The algorithm uses three quantum registers, all of them set to $|0\rangle $ at the beginning of the algorithm. One register, which we will denote with the subindex $n_{l}$, is used to store a binary representation of the eigenvalues of $A$. A second register, denoted by $n_{b}$, contains the vector solution, and from now on $N=2^{n_{b}}$. There is an extra register, for the ancilla qubits. These are qubits used as intermediate steps in the individual computations but will be ignored in the following description since they are set to $|0\rangle $ at the beginning of each computation and restored back to the $|0\rangle $ state at the end of the individual operation.

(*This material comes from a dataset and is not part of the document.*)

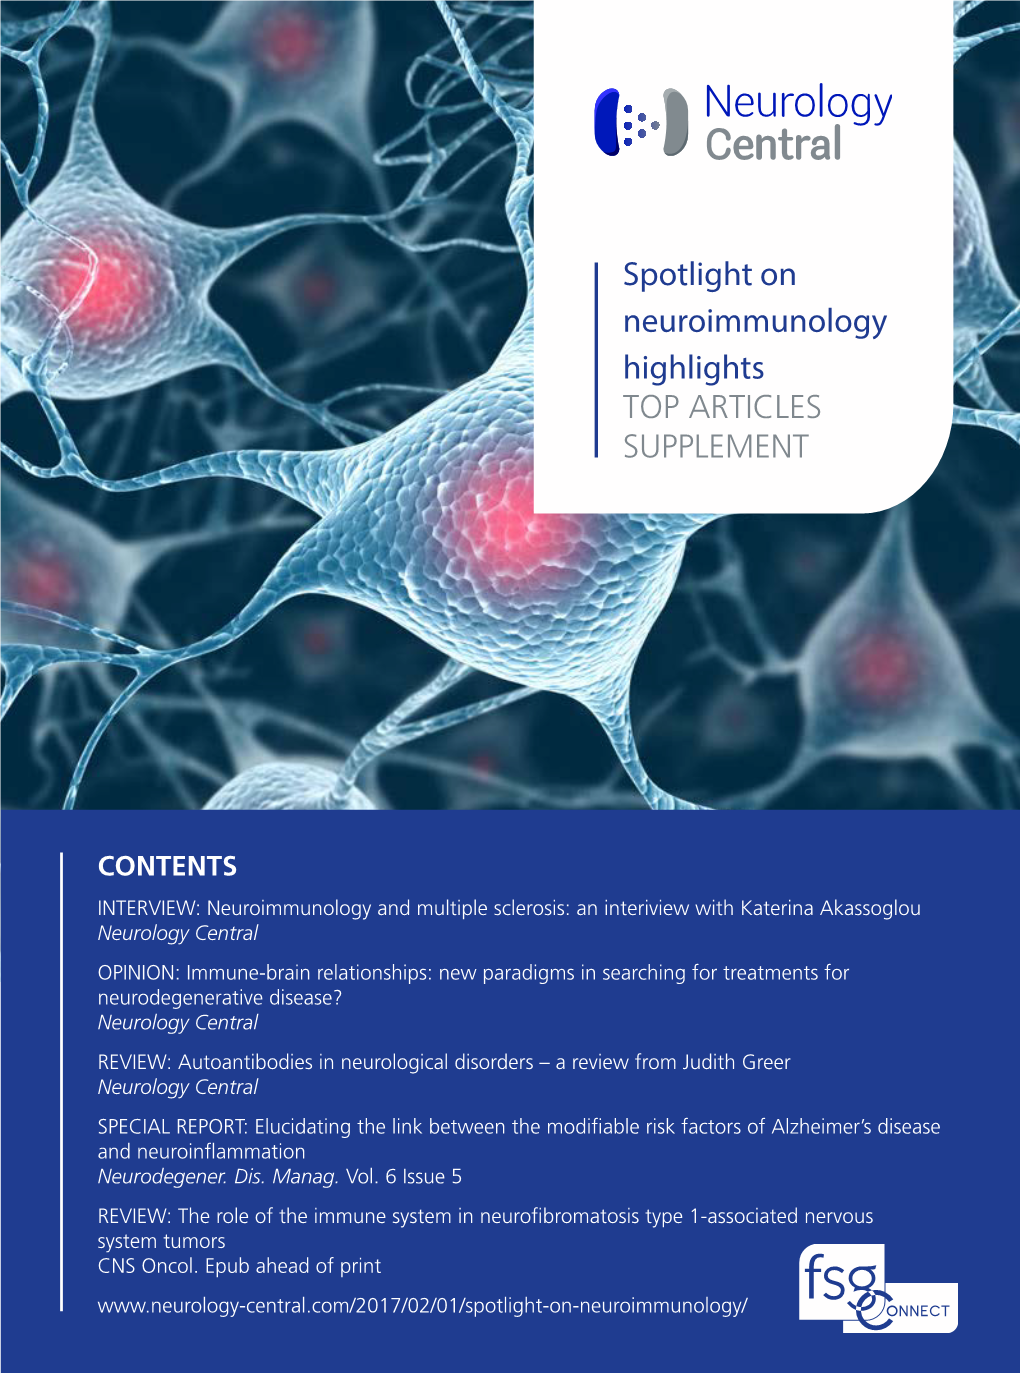 Neurology Spotlighttop ARTICLE on Neuroimmunologysupplements Highlights TOP ARTICLES SUPPLEMENT
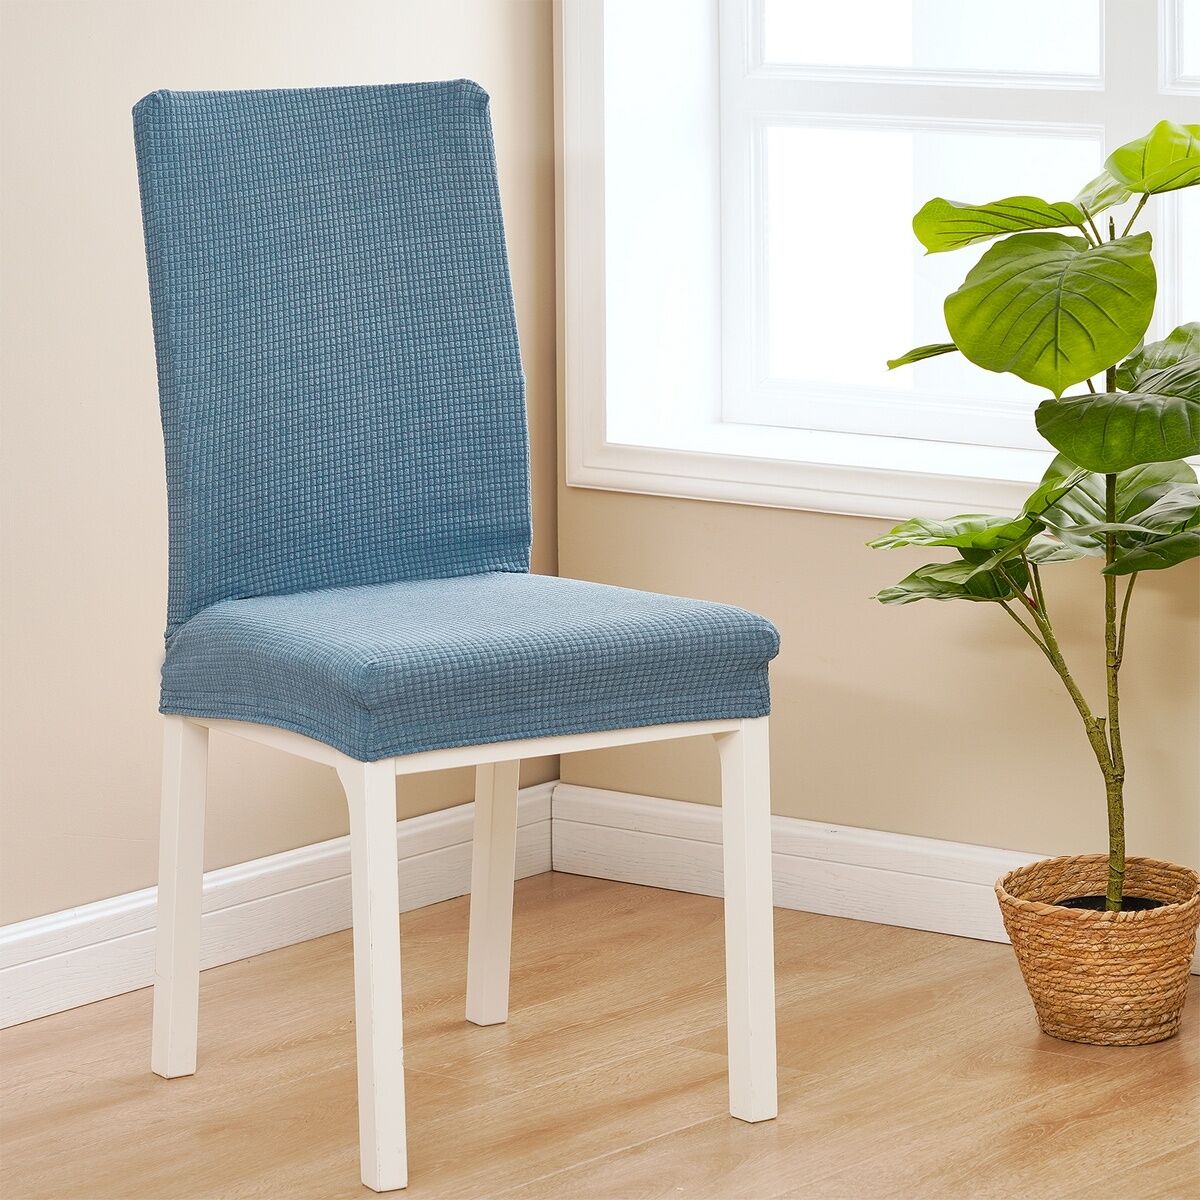 4Home Elastyczny pokrowiec na krzesło Magic clean niebieski, 45 - 50 cm, zestaw 2 szt.

The following is an outline of the HHL algorithm with a high-level drawing of the corresponding circuit. For simplicity all computations are assumed to be exact in the ensuing description, and a more detailed explanation of the non-exact case is given in Section 2.D..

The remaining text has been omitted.